He's not the best known of the Berrigan boys -- Daniel and Philip hold that honor.
But Jerome Berrigan, 82, is no stranger to the protest business.
In town as part of the SOA Watch's attempt to close down the Western Hemisphere Institute for Security Cooperation, Berrigan found himself a comfortable chair in an otherwise barren apartment near the staging area on Benning Road and watched as speaker after speaker took the podium.
"This is my sixth trip down here," he said. "And is it just me or is the blare louder than it's ever been?" He referred to Lee Greenwood's "God Bless the USA," which rattled off the concrete walls of his room.
Berrigan, like his brothers, is no stranger to jails. Though he has no intention of trespassing onto Fort Benning this weekend, he was arrested Oct. 5 while protesting in front of the USS Intrepid, now a floating museum docked on the Hudson River in New York.

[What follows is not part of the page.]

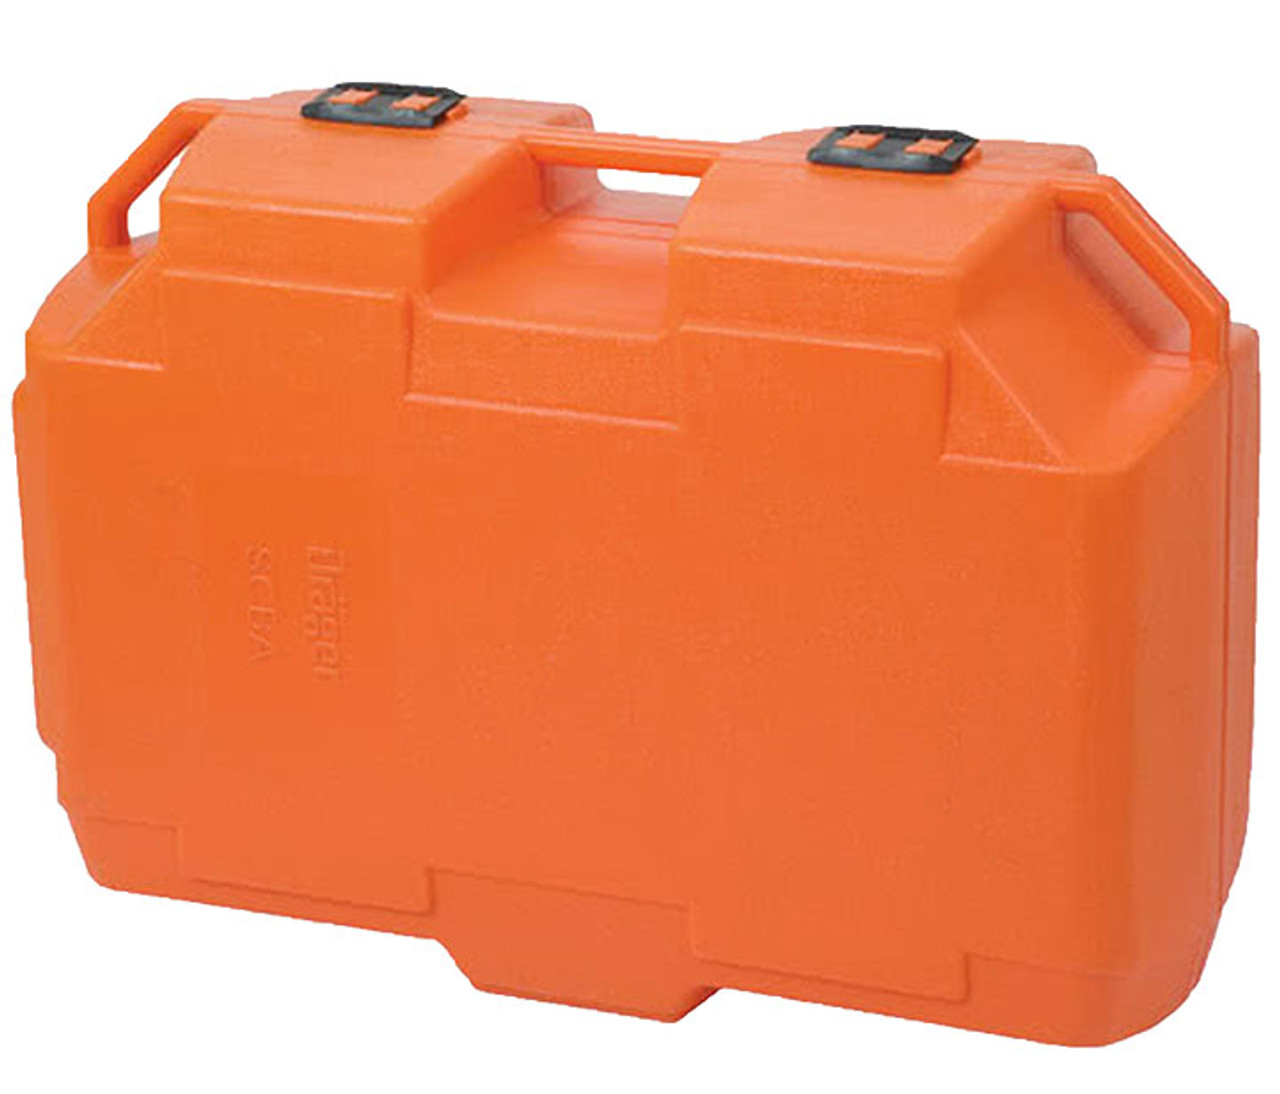 Dräger SCBA Rigid Orange Storage Case - FYR-TEK

"We stood in a circle near the gangplank to keep people from going aboard," he said. "The ship is a museum for war, nothing else. I don't want kids and families corrupted by that." A judge later dropped charges against the 29 arrested.
All six Berrigan boys -- Thomas, the eldest, and Philip, the youngest are dead -- learned from their parents in Syracuse, N.Y., to become advocates for the poor.
"My dad never turned away anyone who ever knocked on our door looking for a meal," Jerome Berrigan said. "That carried over to his sons."
From the Depression through the Second World War to the civil rights movement, the Berrigans raised their voices. Daniel and Philip were part of the Catonsville 9 during the Vietnam era. They broke into a Maryland Selective Service office, burned all draft records and were promptly arrested. Their fame grew from there. First a play, then a film starring Gregory Peck, were made from the Catonsville protest.
Philip Berrigan, who spent a total of 11 years in prisons for his protests, wanted to end the proliferation of nuclear weapons after the Vietnam War ended.
Daniel Berrigan still lives in New York, but did not accompany his brother South this week.
"I really want to see what goes on here," said Jerome Berrigan, who walked with Martin Luther King Jr. in Selma, then became a vocal protester of the Vietnam War. "I won't ask to speak. Others can clearly do that. But I'll listen. I'm concerned about this school and what it teaches."
A father of four, Berrigan doesn't see his children following his footsteps.
"They sympathize with the cause," he smiled. "But they're not ready to pick up signs just yet. Maybe when they're my age."